--- Data segment ---
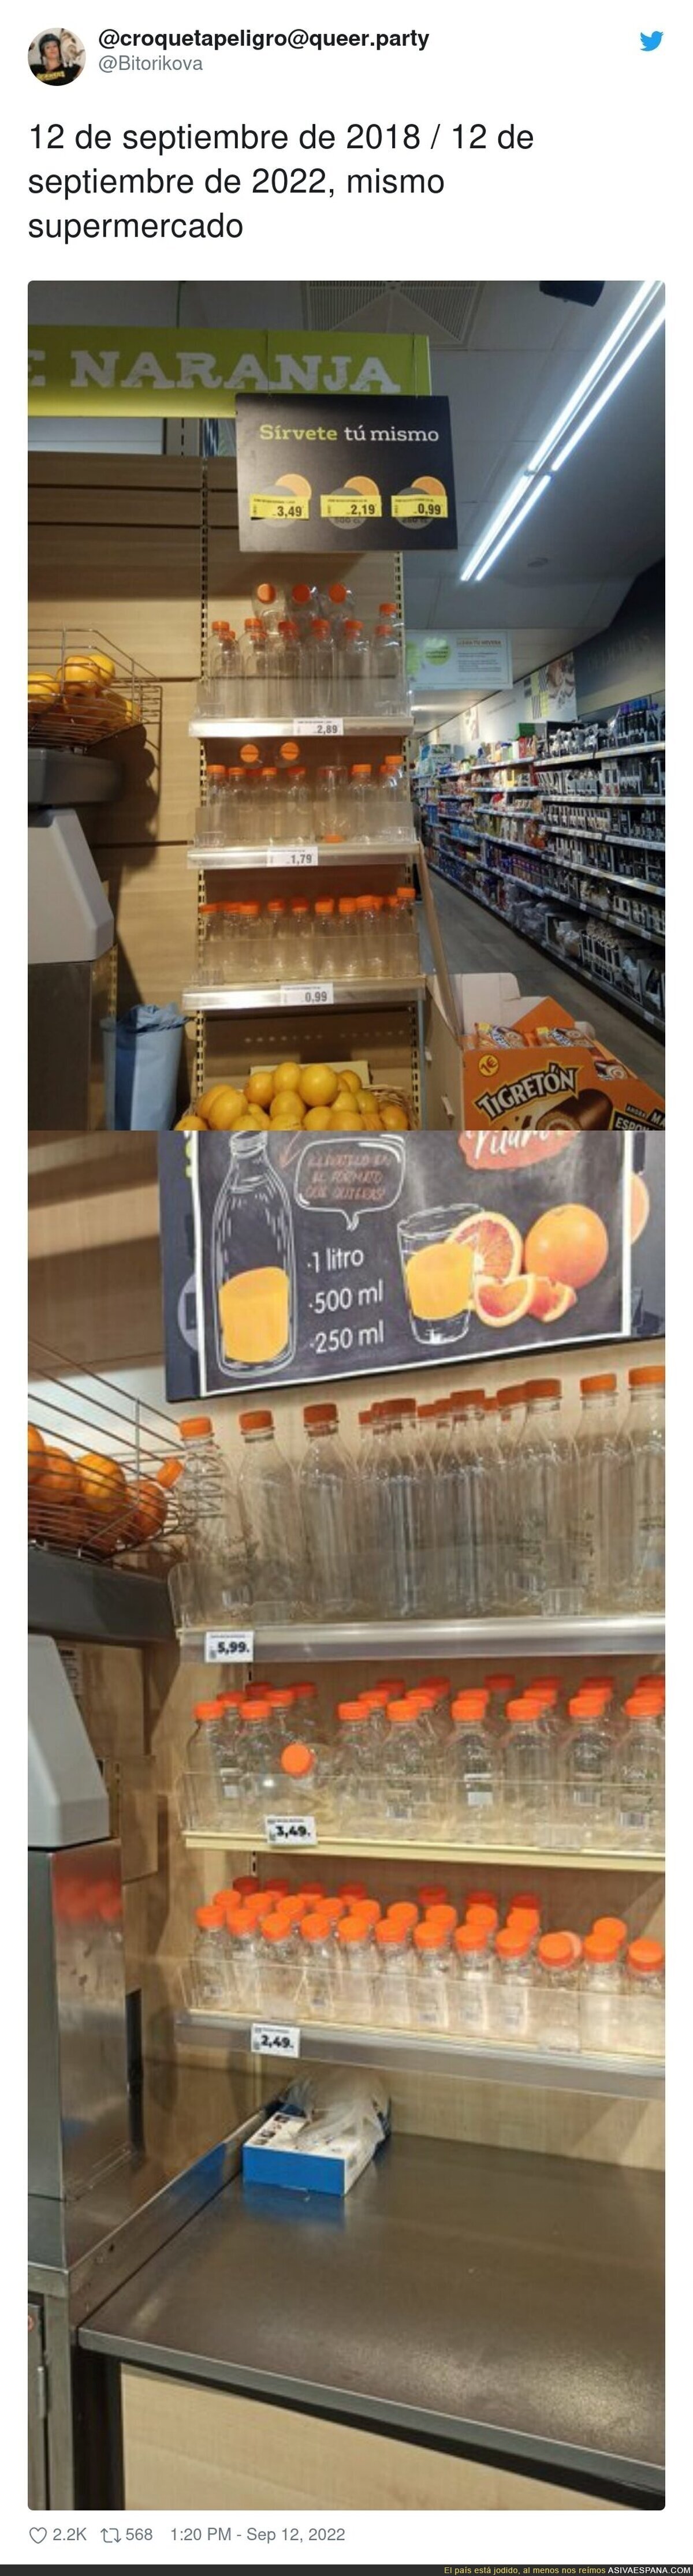 Y siguen pagando casi lo mismo o menos a los productores por el kg de naranja, por @Bitorikova
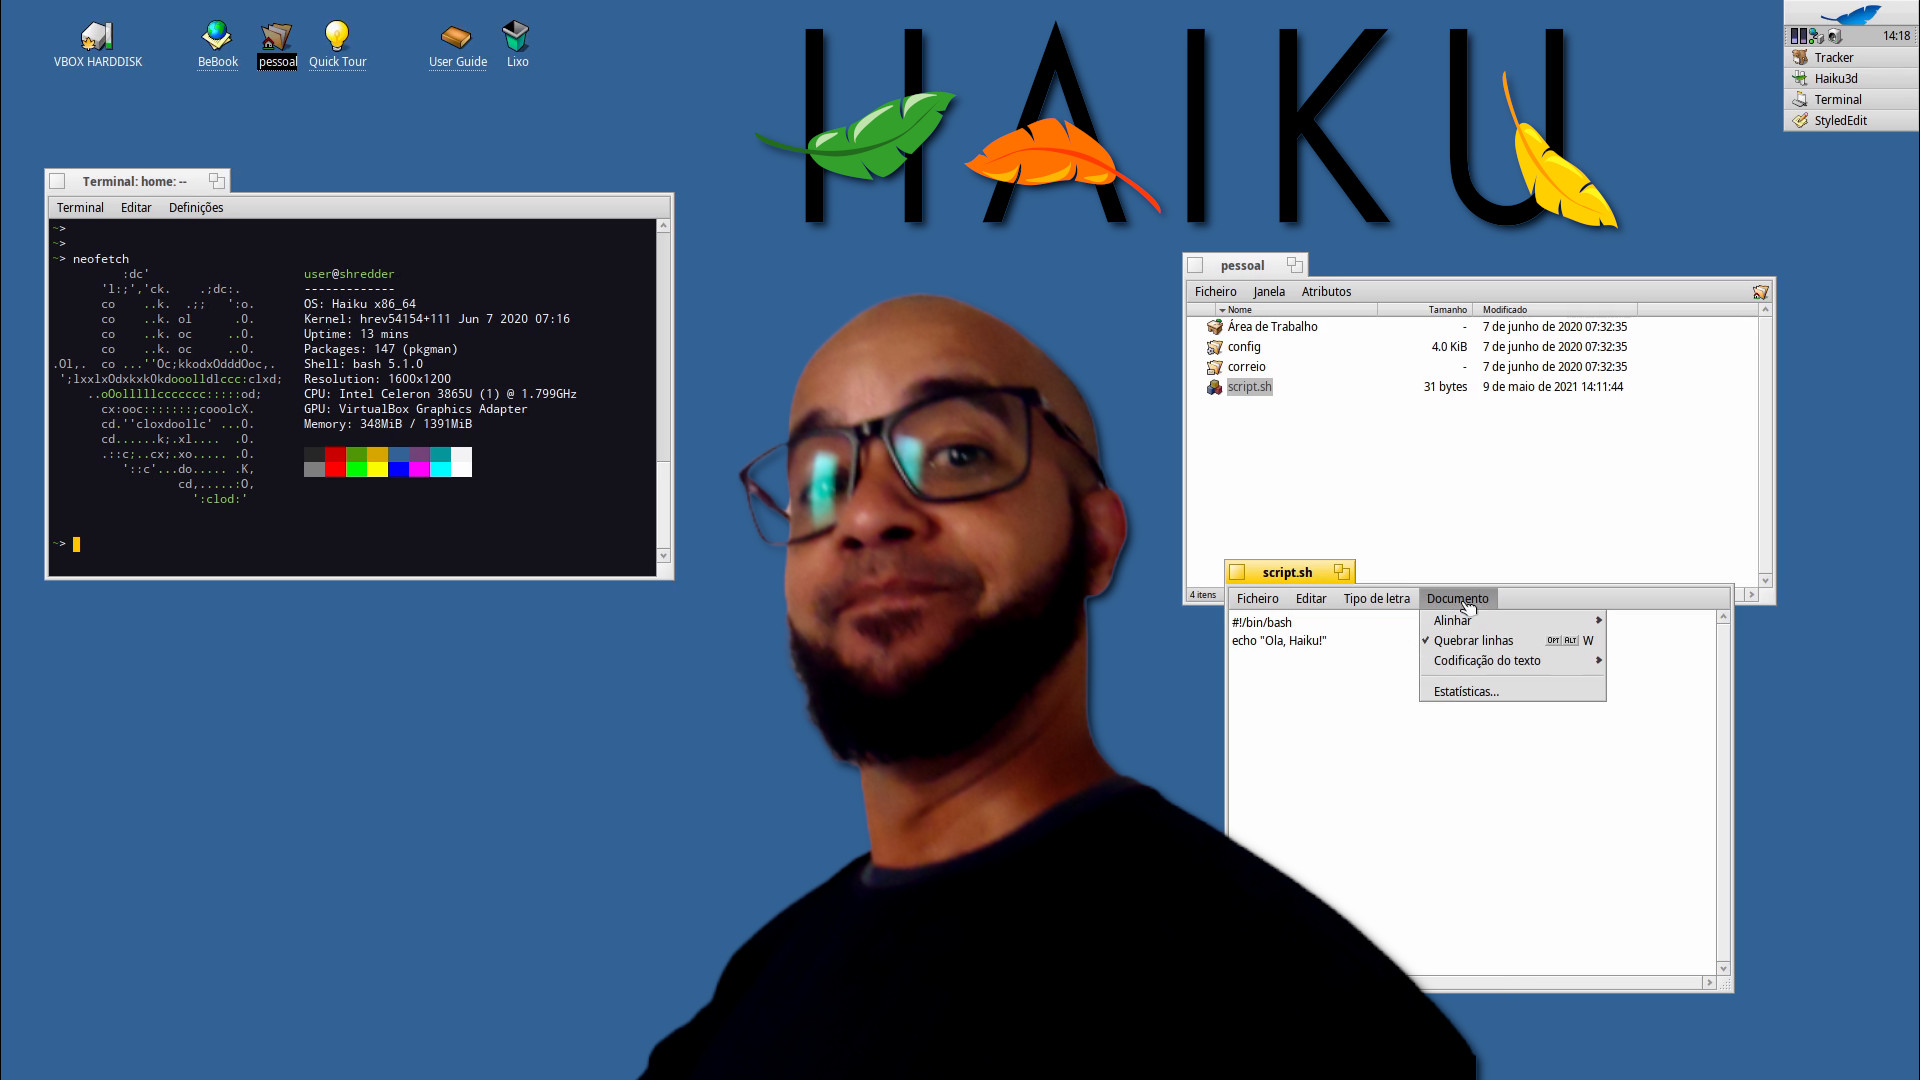 Meet Haiku, an Operating System written in C++
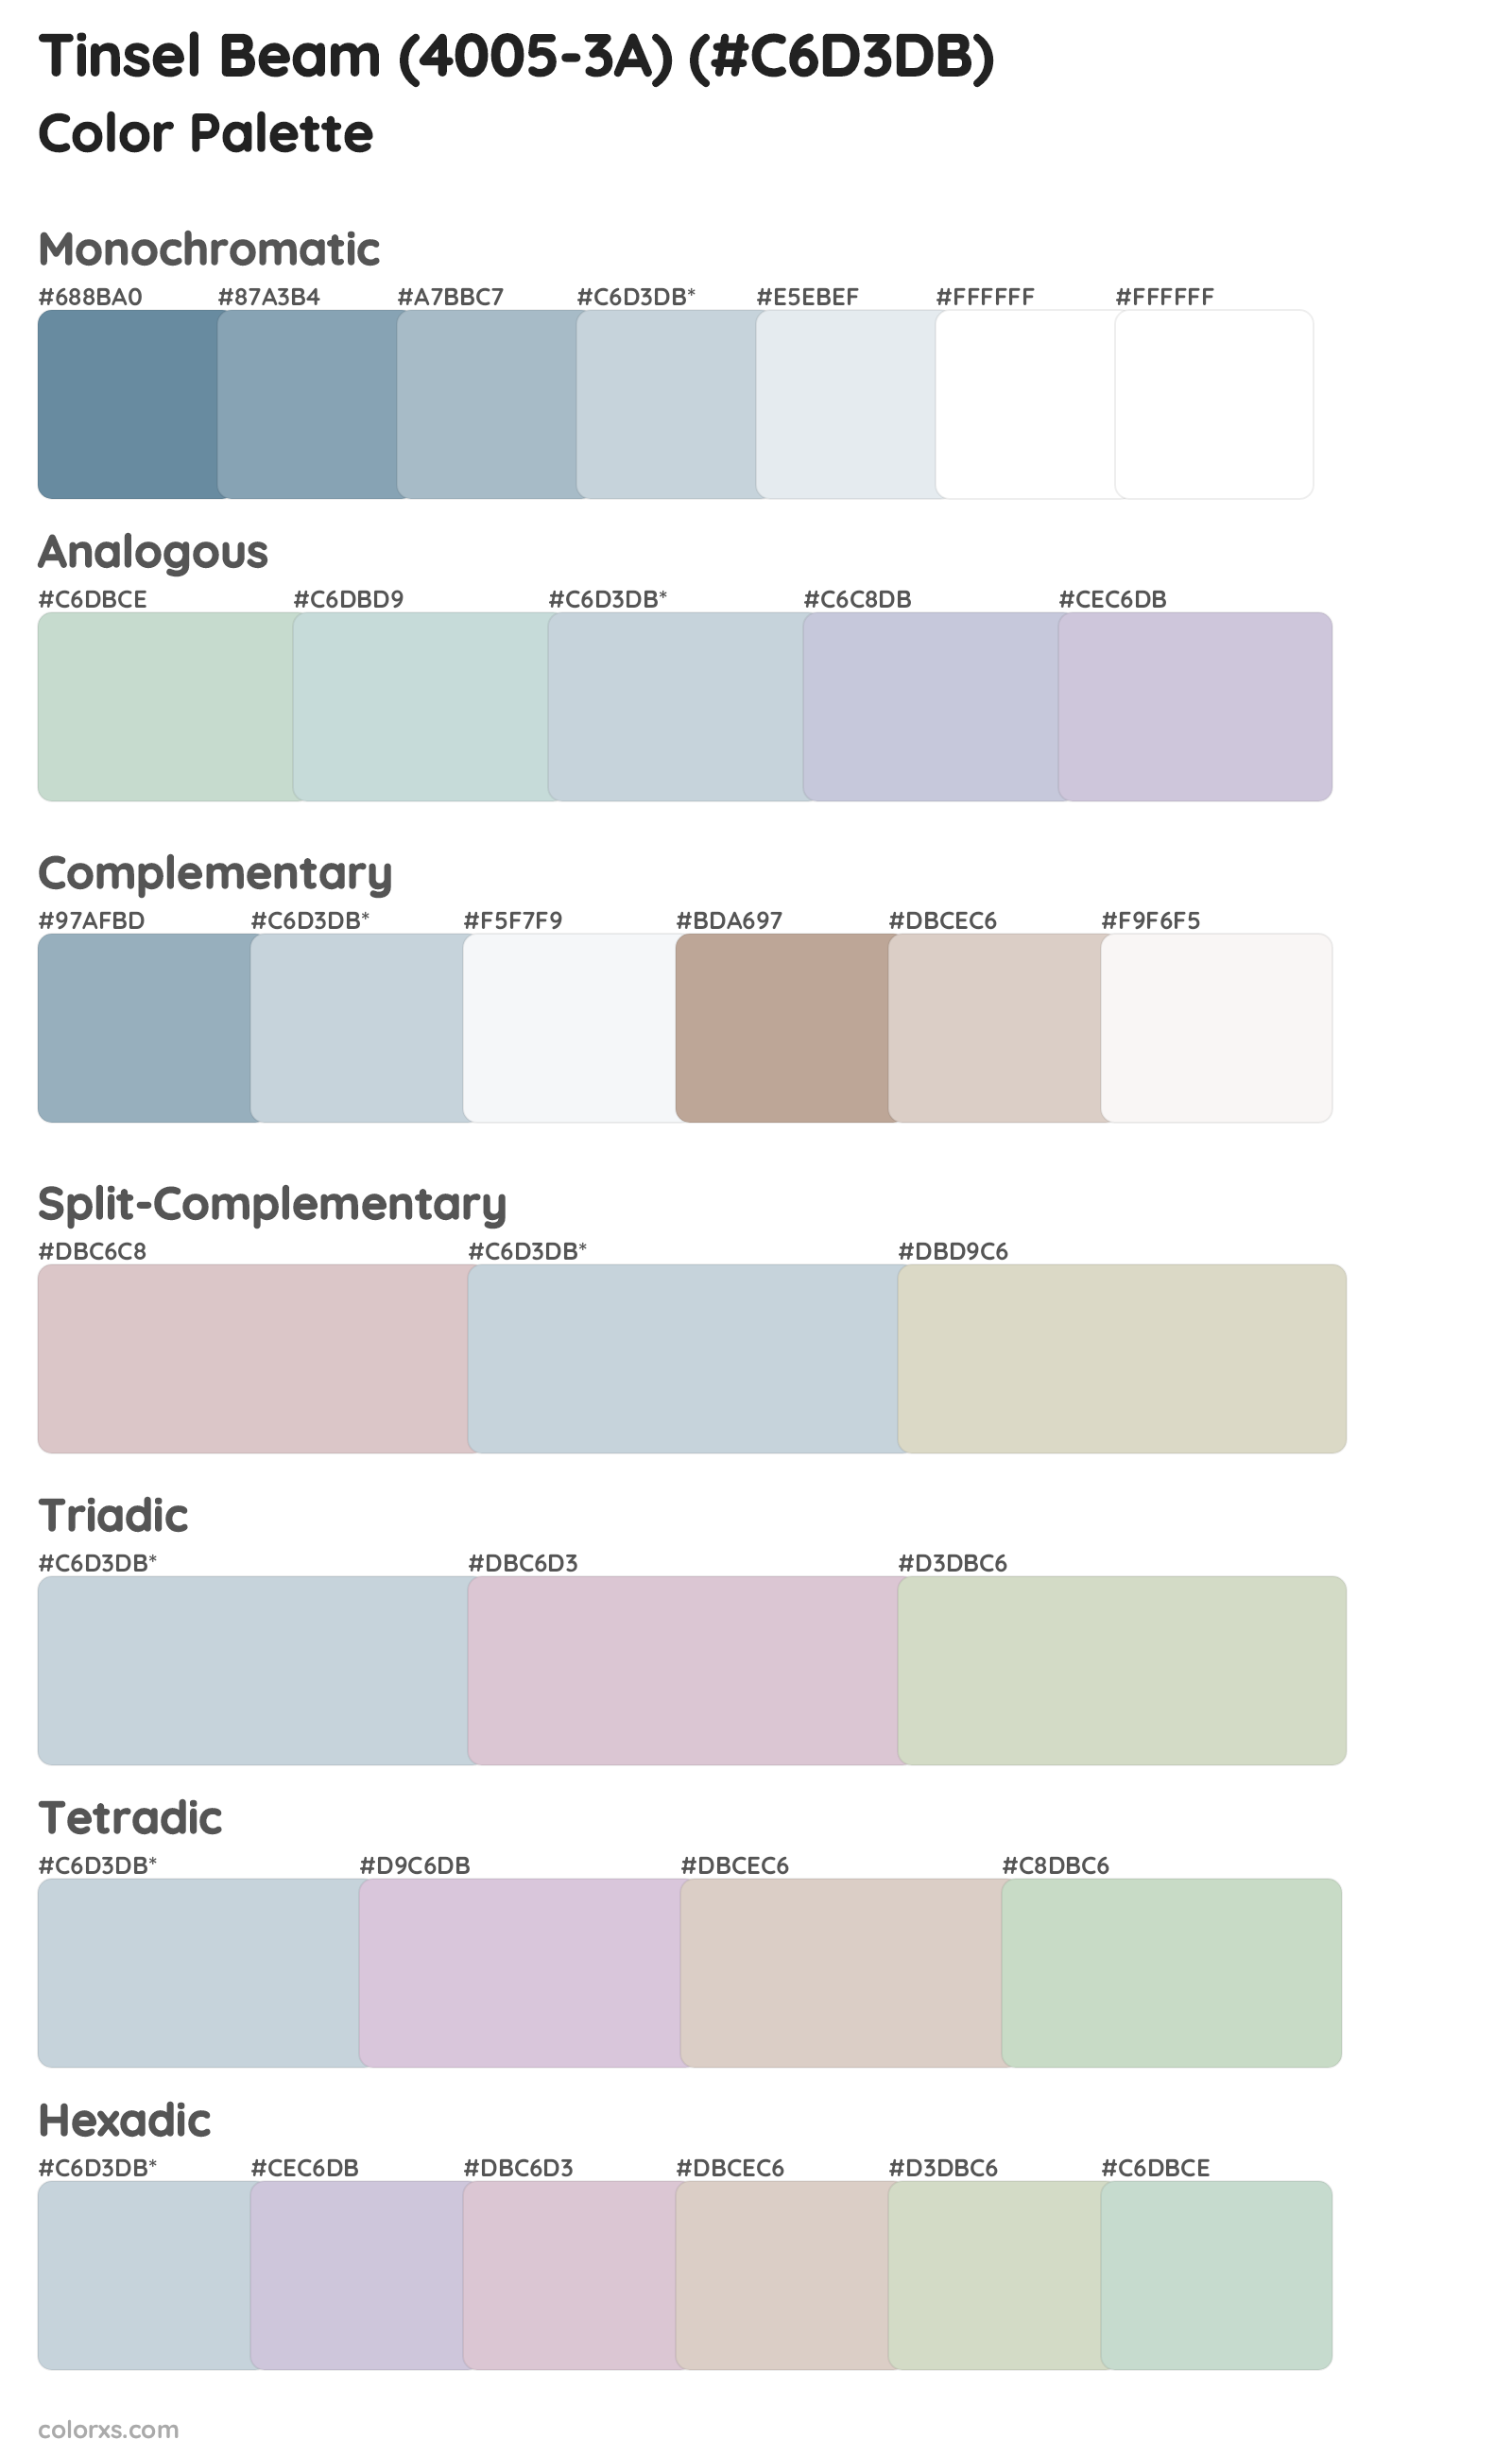 Tinsel Beam (4005-3A) Color Scheme Palettes
---
Problem to solve
Exclude all pictures and return precisely the lines from the one containing "Meet Haiku, an" through the closing line of the data.

Answer to this problem
 Meet Haiku, an Operating System written in C++
 Tinsel Beam (4005-3A) Color Scheme Palettes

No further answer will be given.